The uncommon wisdom of rejecting ‘common sense’


Oh, the boundless fascinations of language. Specifically: the odd phrases that seep insidious into our daily vernacular — taken at face value and accepted as fact. And the way, over time, they come to perpetuate a skewed perspective.

One that particularly rankles is the perennial notion of common sense.

Used for centuries as a catch-all for any and every problem. Old mate who cut down a tree onto his own house? Completely bereft of common sense! Forgetting to spell-check the new pineapple before printing 46 million of them? A serious lapse in common sense! Putting lunch wrapped into tin foil into the office microwave? Born without a shred of common sense! The failings of society — oh yes, all due to the death of common sense.

But — what exactly is ‘common’?

The phrase implies we all share the same beliefs, values, past experiences, and expectations for life and work. It quashes the notion of the individual in favour of a collective with a singular way of seeing the world. It paints the entire of humanity with the same brush in a single colour of our own choosing.

Such brazen arrogance!

Humans are far too complex to cram into the same pigeon hole. Our workplaces comprise up to five generations; our teams composed of a wonderfully diverse and vibrant cross-section of humanity. Do all these people share exactly the same biology, upbringing, education and life experiences?

No. No they do not.

From a physiological perspective, common sense is utterly nonsensical. Sense is the faculty by which our body perceives and understands external stimulus. Raw sensory data, be it sight, sound, taste, smell or touch, is filtered and interpreted by our brain, and because two brains can be wired very differently, two people can perceive the same stimulus in completely different ways.

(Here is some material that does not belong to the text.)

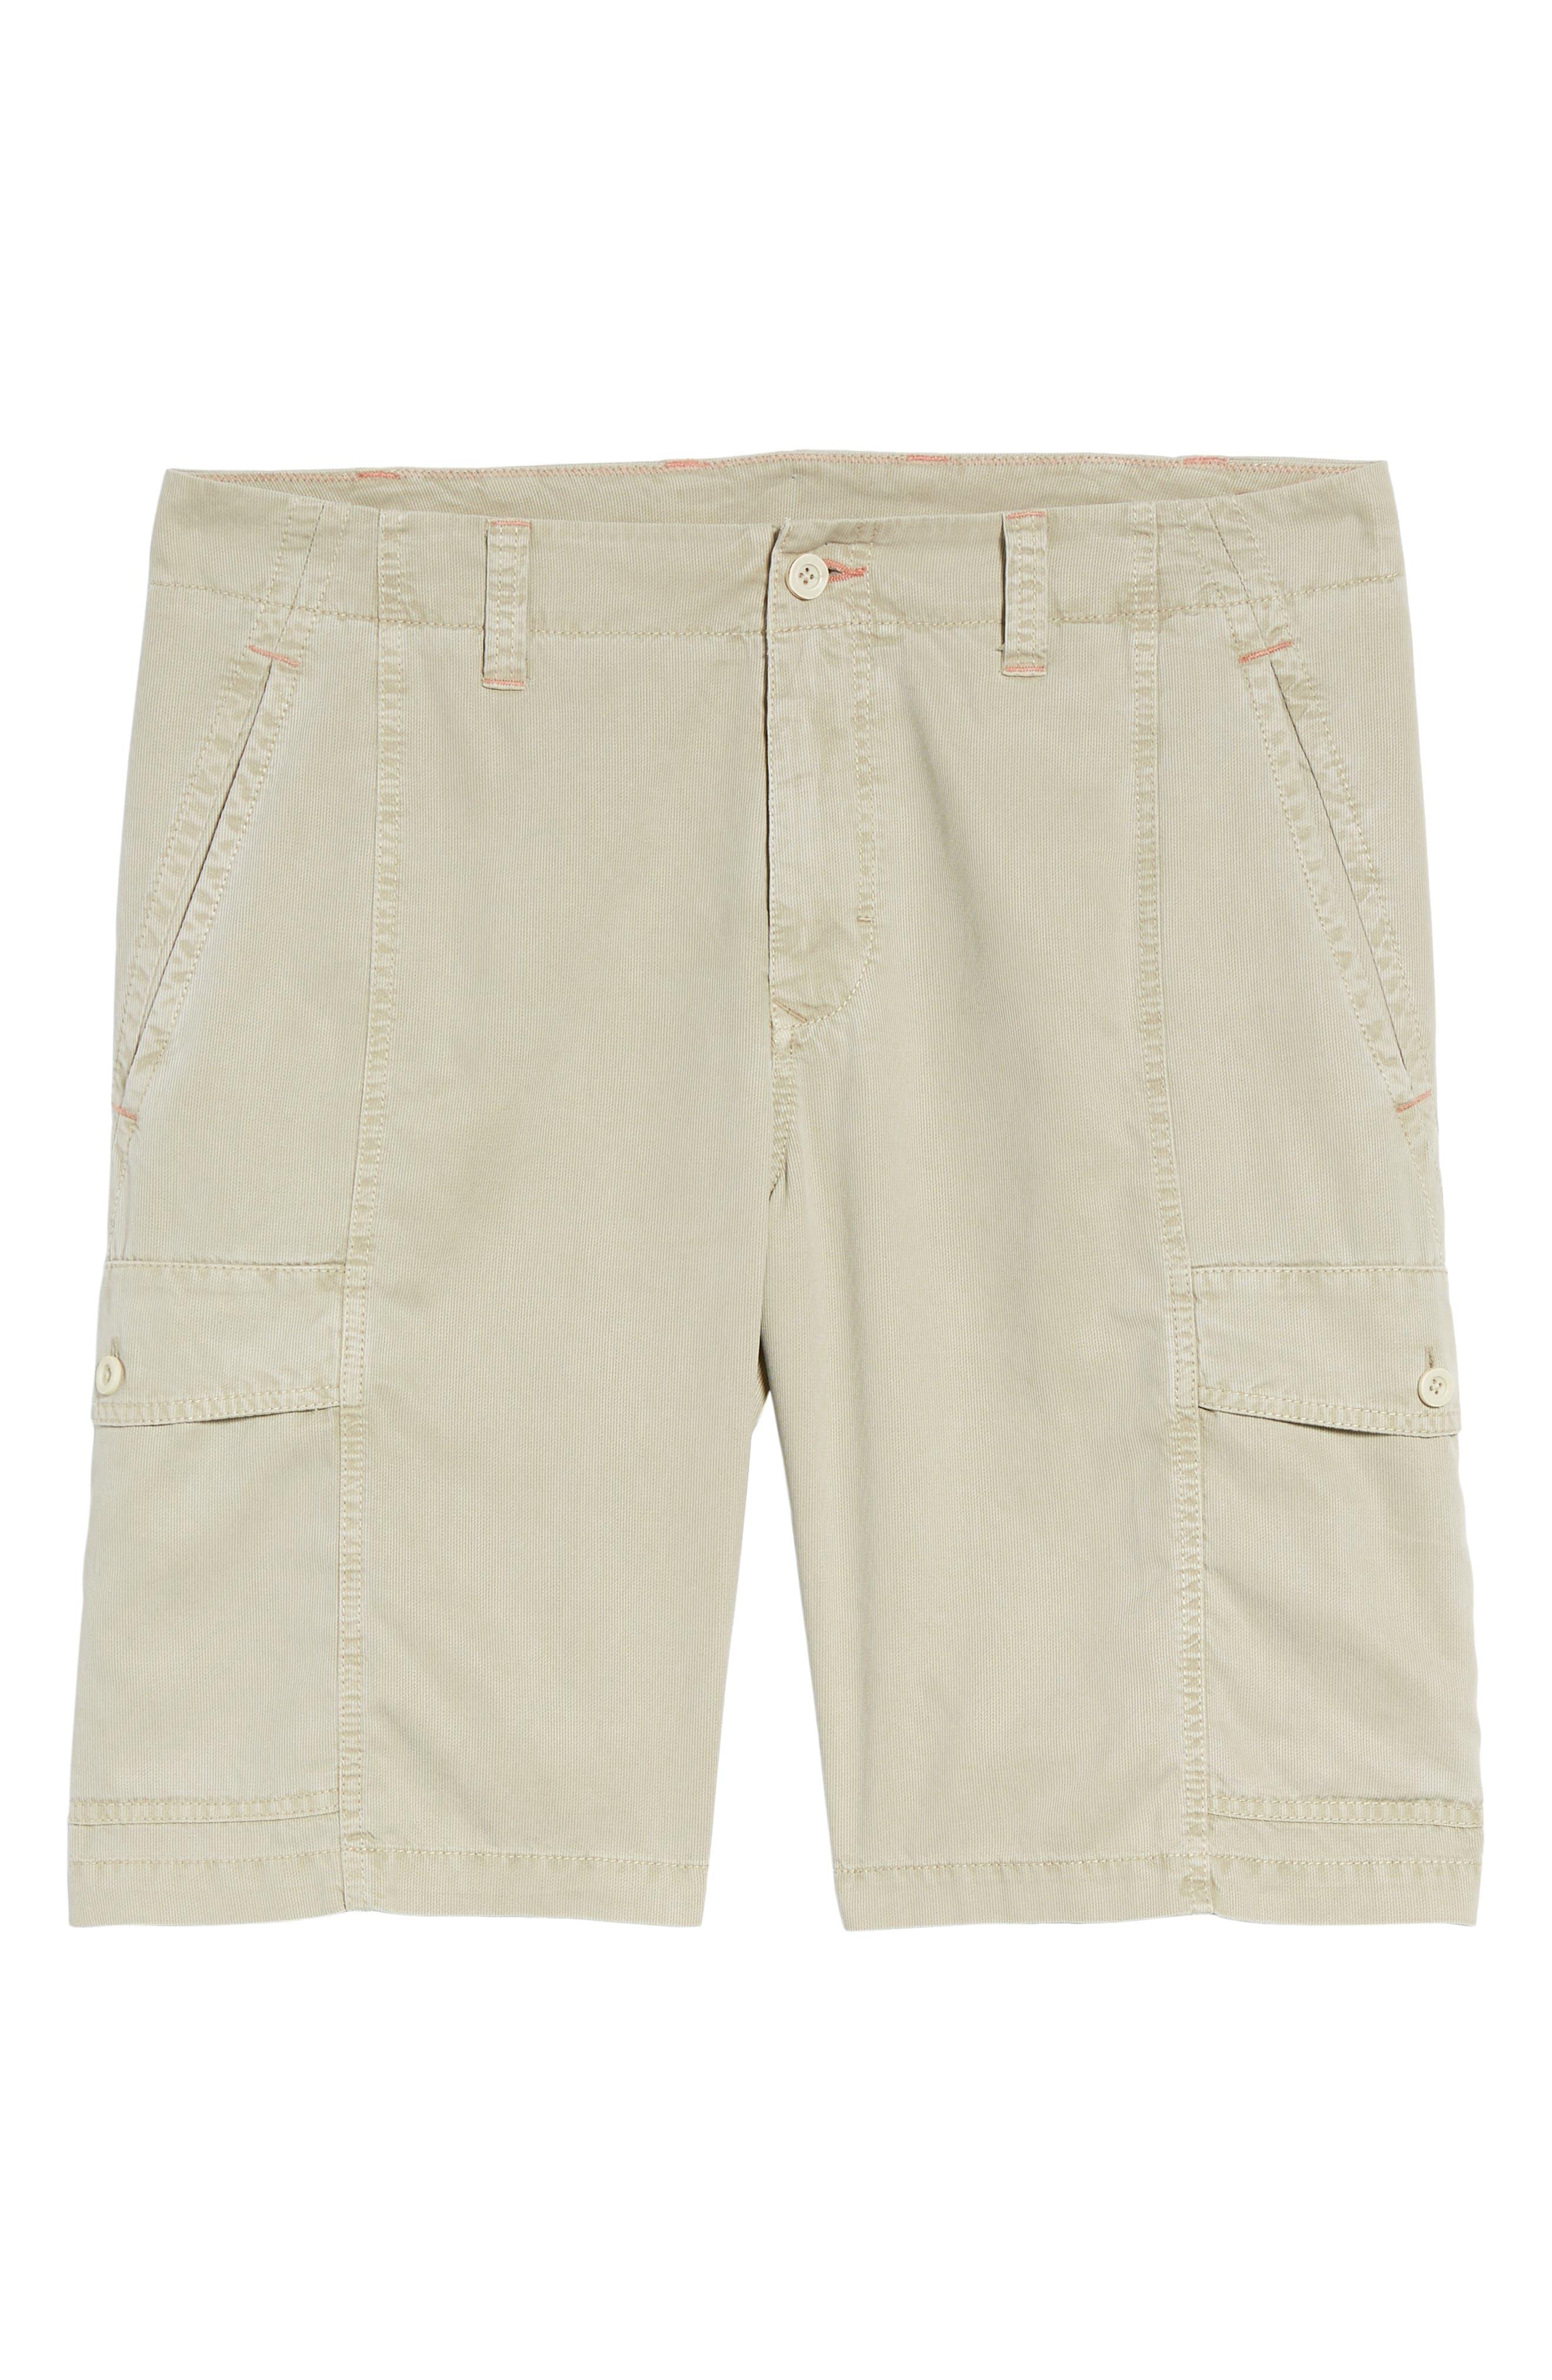 Tommy Bahama 'Beachfront Kihei' Cargo Shorts

Remember the dress photo that circulated the socials back in 2015? Was it black and blue? Or white and gold? Though the dress was eventually revealed to be black and blue, no consensus was ever reached about the image. Despite trusting our senses to provide us with a universally accurate picture of the world, even a group with no colour vision deficiency can see the same colour very differently.

And so the notion of common sense is just as true and relevant today as it’s always been — a convenient, yet throwaway line that offers little except eschewing responsibility.

No-one intentionally sets out to perform badly at work. No-one intends to get injured on the job. And no-one hires someone who exhibits a total lack of common sense. Thus, logic suggests common sense isn’t to blame for poor job performance, mistakes, mishaps, or health and safety incidents.

No, the real problem often stems from a lack of experience, knowledge or understanding, leading to poor judgement†. And this is very fortunate indeed. Because, although there’s no cure for a deficit of common sense, there are certainly solutions to a lack of knowledge.

Share what matters

It likely goes without saying, but we’ll say it anyway (because: no assumptions): if something matters, information needs to be shared.

We can’t assume anything is common knowledge, even if it seems completely obvious to us. The more diverse our teams and organisation, the more we need to question our assumptions.

Repetition builds recognition

Oh yes, this particular (and very quotable) maxim rings true. It’s not enough to share information once, tick the box and assume it’s been understood by everyone.

To form new memories, learn new skills and change behaviours requires our brain to form new neural connections. And this only happens through repetition.

So while inductions and onboarding are important, they’re simply the first touchpoint in an ongoing learning experience. Subsequent touchpoints are opportunities to share the same information in different ways to really embed it.

Make it memorable

Another potential obviousness: the more we can make information engaging and memorable, the more likely people are to remember it in the moment.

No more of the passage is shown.